I sit here at nearly midnight with my feet clean at last, the mosquito net taking up half the bed, an overflowing heart, and a small stash of priceless treasures. The children said again and again, “I will not forget you.” Forget? How could I forget? Dear God, let me always remember. Amen!
Today was our last day of camp at Gisimba Orphanage. Which meant saying goodbye. At breakfast this morning, I shared Psalm 139 with the team. “. . . You hem me in - behind and before; You have laid your hand upon me . . . For You created my inmost being; You knit me together in my mother’s womb . . . When I awake, I am still with You . . .” It was a reminder for all of us of Your love - the love You hold for each one of these precious children - Your children, whom You created - the children we have come to adore.
We held the grand finale this evening - and it was indeed quite grand! Sunset found us cozily crammed inside the four pink walls of the cafeteria, awaiting the much-anticipated dance competition. Traditional tribal dancing came first with the pounding drums and lively singing. Karim was one of the five warriors - with his long spear and blond wig flying everywhere - and he pulled me up twice for absolutely failed attempts at dancing. Amy was up with me, and we were both laughing uncontrollably. Then the four groups did their steps to Kirk Franklin’s “Do You Want a Revolution?” (complements of Sarah’s ipod) while the audience hooted and hollered. We had backflips and slides, break dancing and Elvis impersonations, head tossing and some things that looked rather like head banging. It was all very impressive, especially for one who possesses no skill in that arena. I only wish we’d had a video camera!
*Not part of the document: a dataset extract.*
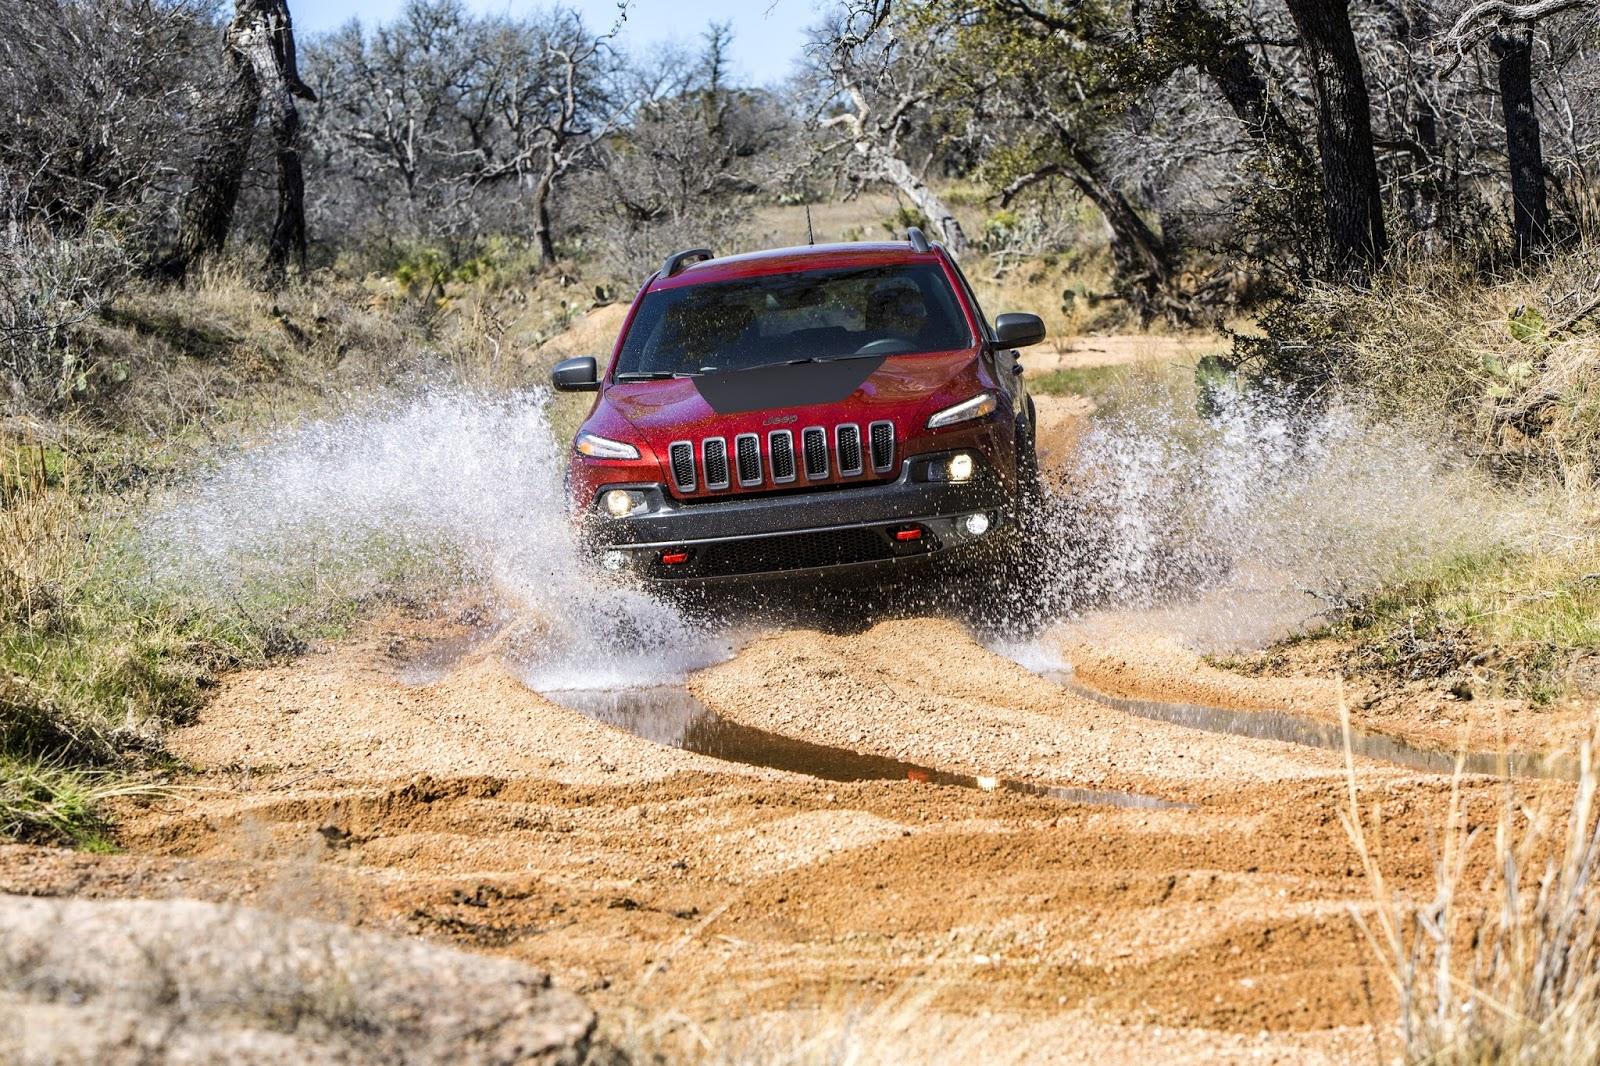 SIMPLIROMATIKH%2BFOTO2 Δοκιμάζουμε αν το νέο Jeep Cherokee… κολλάει πουθενά Jeep, Jeep Cherokee, TEST, zblog, ΔΟΚΙΜΕΣ

After our four wildly-applauded groups, the babies came, performing their own special rendition of “My God Is So Big,” with Chelsea directing. They were so proud of themselves - and how their faces beamed when the audience cheered for them!
And then . . . Abraham (our MC for the evening) announced a surprise dance team, one that just happened to be passing by and wondered if they could show off a few moves. The children looked around wonderingly, we all shrugged our shoulders, and then to thunderous applause, our team took center stage. How the kids laughed and cheered! They loved it! We were color-coordinated (black T-shirts) and had a bit of a punk theme going (headbands). We started off the dance with our backs to the audience, then jumped around at dramatic intervals . . . And then there was this place where we made two lines and slid in and out of each other - and the kids cheered there especially loud, I think. I even managed not to hit anyone. I have to say, I’ve never enjoyed dancing more!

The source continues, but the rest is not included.